US to pay families of hostage drone victims


US to pay families of hostage drone victims WASHINGTON: The United States said on Friday that it was making “condolence payment” to the families of an American and an Italian citizen killed in a US drone attack in Pakistan last year.

“As we acknowledged last year, a US government counterterrorism operation killed two innocent hostages held by Al Qaeda, Dr Warren Weinstein… and Giovanni Lo Porto,” said White House National Security Council spokesman Ned Price.

Dr Weinstein, 74, was an American aid worker who was held by Al Qaeda since 2011. Mr Lo Porto, a 39-year-old Italian aid worker, had been an Al Qaeda hostage since 2012.

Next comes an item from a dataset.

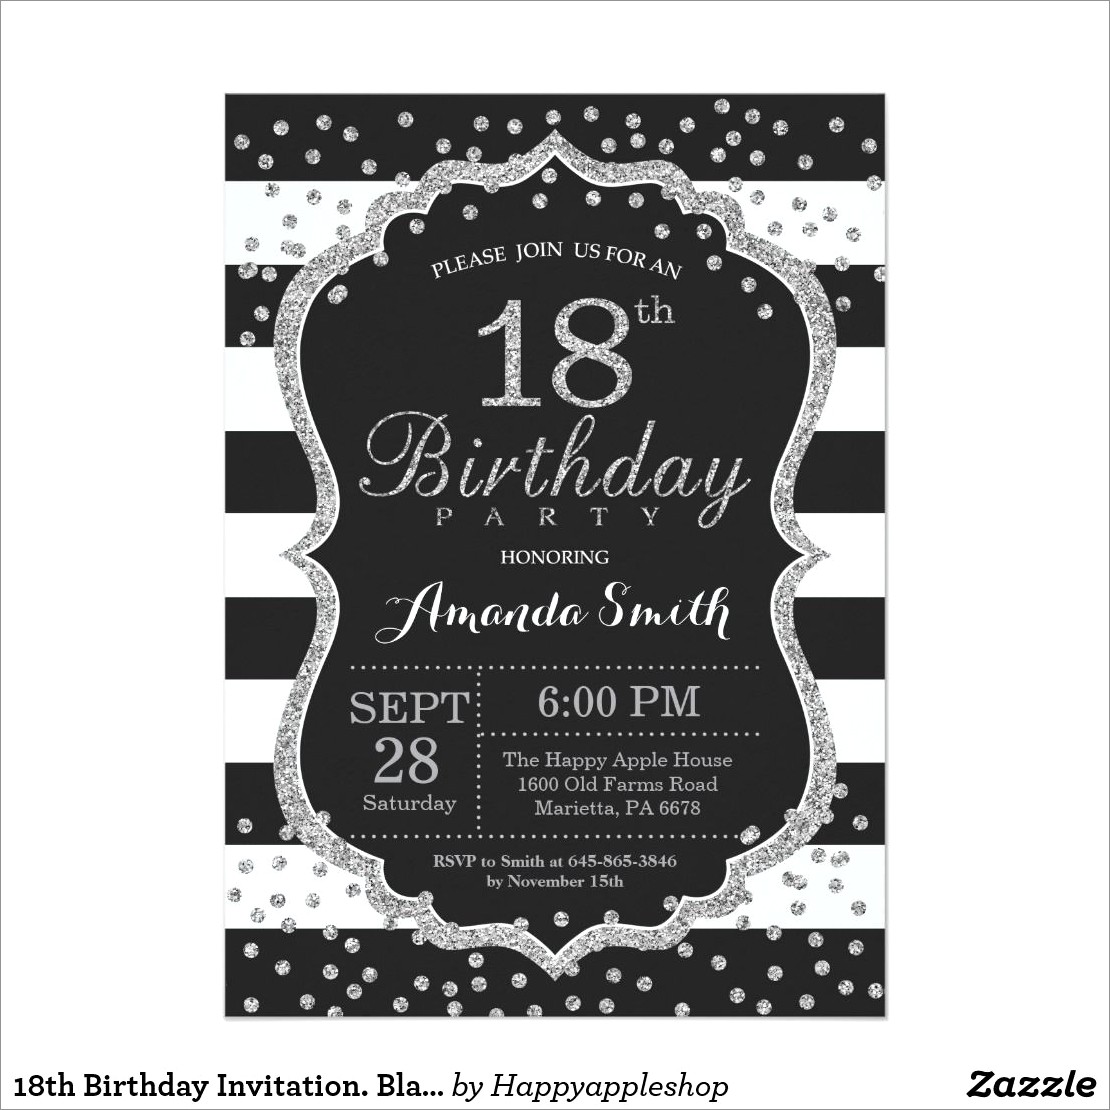 Black And Silver 40th Birthday Invitations

“When we announced Dr Weinstein and Mr Lo Porto’s deaths, we affirmed that the United States would provide a condolence payment to both families. We did so knowing that no dollar figure could ever bring back their loved ones,” Mr Price said.

The US and European media reported that the White House had agreed to pay $1.2 million to Mr Lo Porto’s family but did not say anything about payments to the Weinstein family.

The White House, when contacted, said it did not want to disclose the amounts paid to the two families.

“Out of respect for the privacy of these families, we have no further details to share,” Mr Price said.

Both aid workers were killed by a US drone strike in 2015 while in Al Qaeda’s custody.

For legal reasons the White House is describing the money given to the two families as “condolence payment,” not compensation.

Three months after the strike, in April last year, US President Barack Obama acknowledged and apologised for Mr Lo Porto and Dr Weins­tein’s deaths, taking “full responsibility” and promising an investigation.

His remarks were unprecedented as no similar announcement had ever been made about other civilians killed in US drone strikes. Some previous victims, however, were also deemed innocent after investigation and media reports claimed that they too had received secret condolence payments from Washington.

Earlier on Friday, the Lo Porto family confirmed to the Italian news agency ANSA that it would receive $1.2m from the US government as compensation.